What you are asked to do → Starting at the line that contains "9ct Yellow Gold" and stopping at the line that contains "Comics & Sequential Art by Will Eisner", transcribe every line of the material below exactly; pictures stay out.

Material shown →
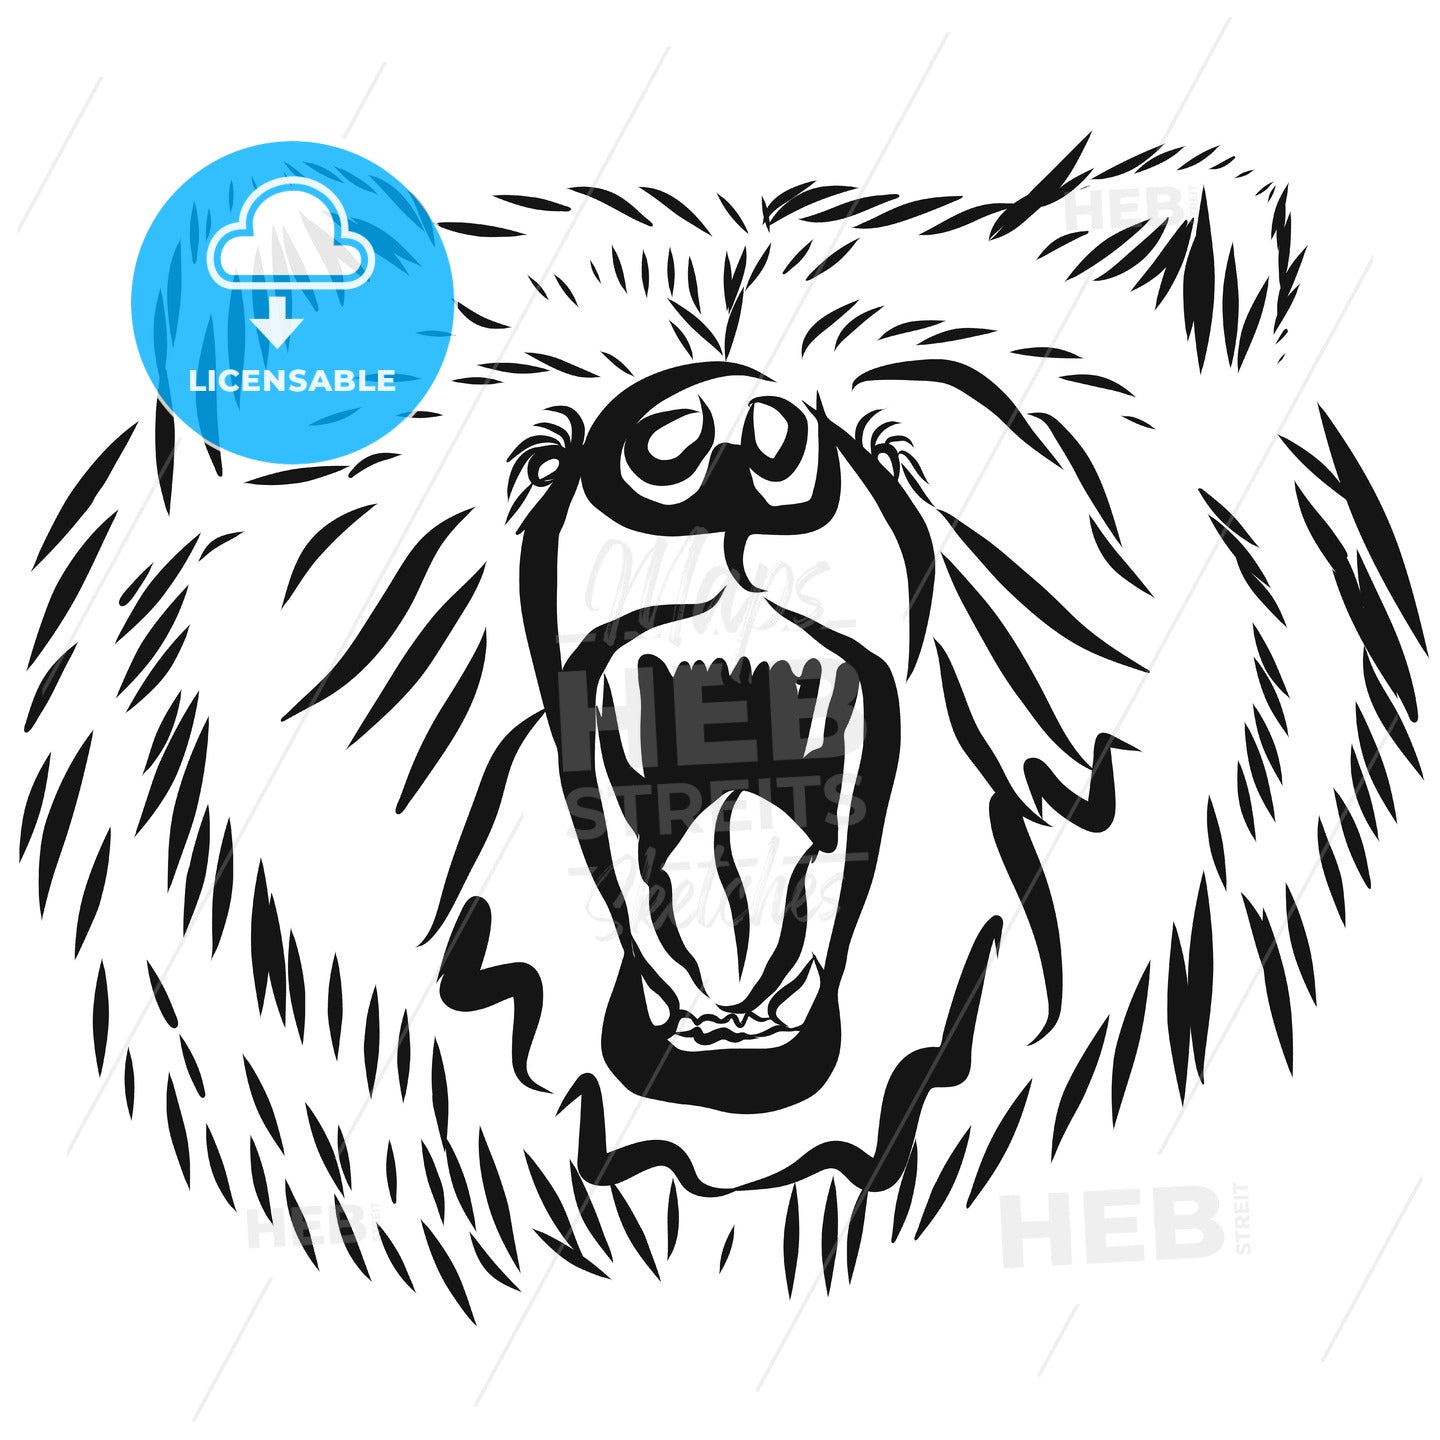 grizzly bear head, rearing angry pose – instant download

* * *

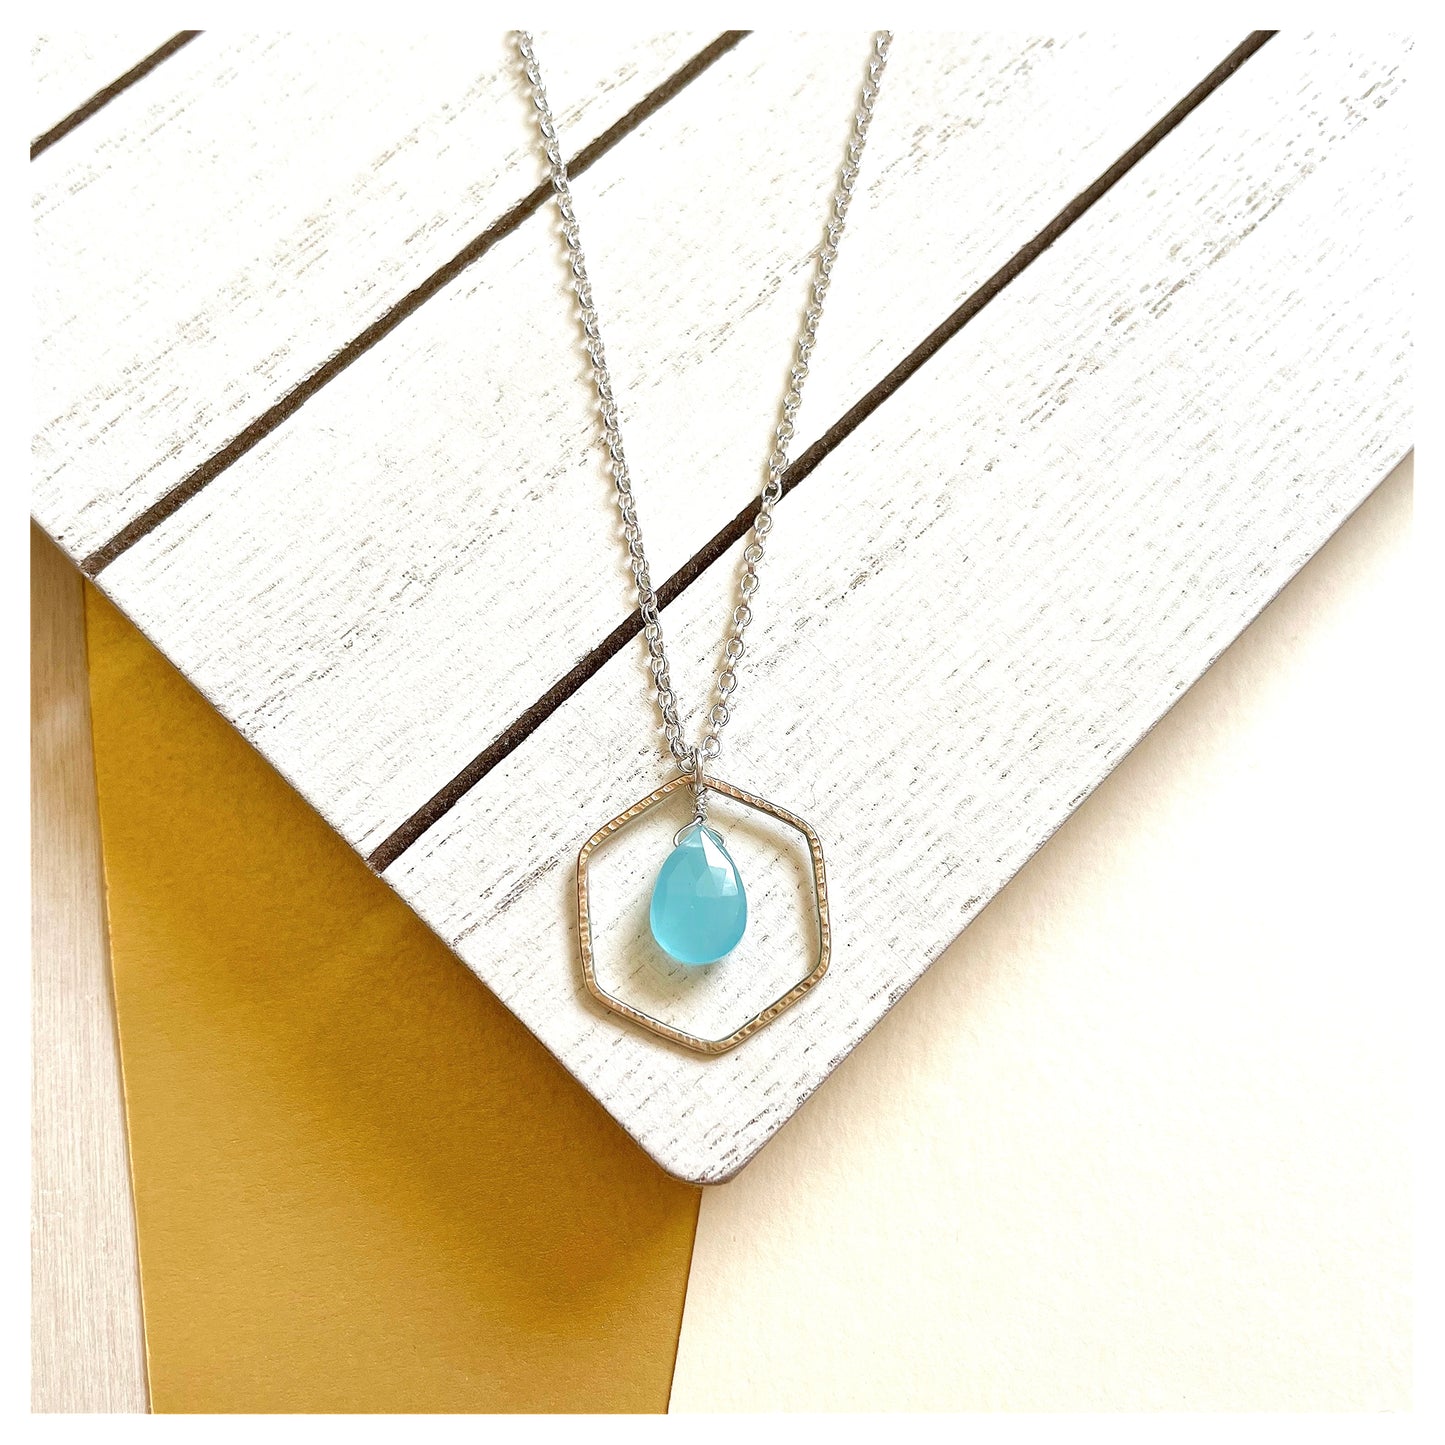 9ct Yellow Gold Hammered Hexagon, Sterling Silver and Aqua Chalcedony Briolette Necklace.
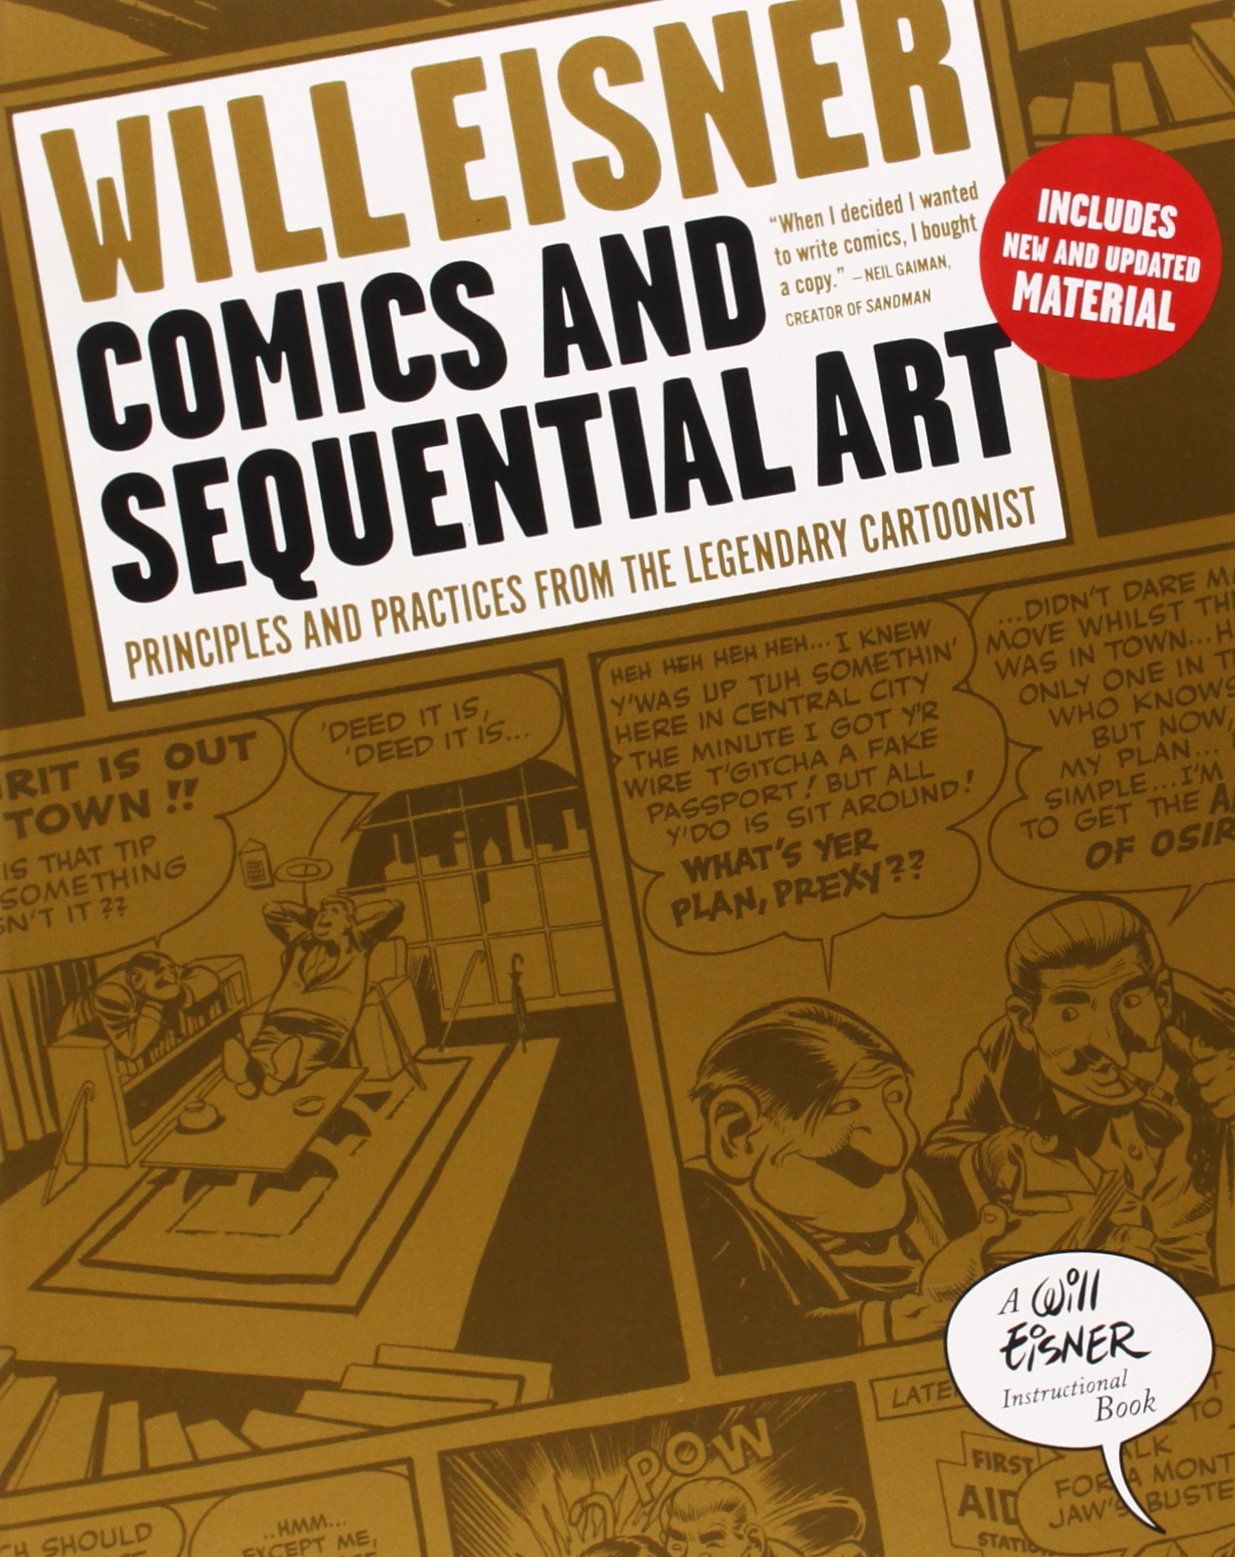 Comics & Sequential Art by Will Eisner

==

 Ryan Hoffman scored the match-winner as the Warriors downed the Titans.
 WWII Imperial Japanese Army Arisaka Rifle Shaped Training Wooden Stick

Task result →
 9ct Yellow Gold Hammered Hexagon, Sterling Silver and Aqua Chalcedony Briolette Necklace.
 Comics & Sequential Art by Will Eisner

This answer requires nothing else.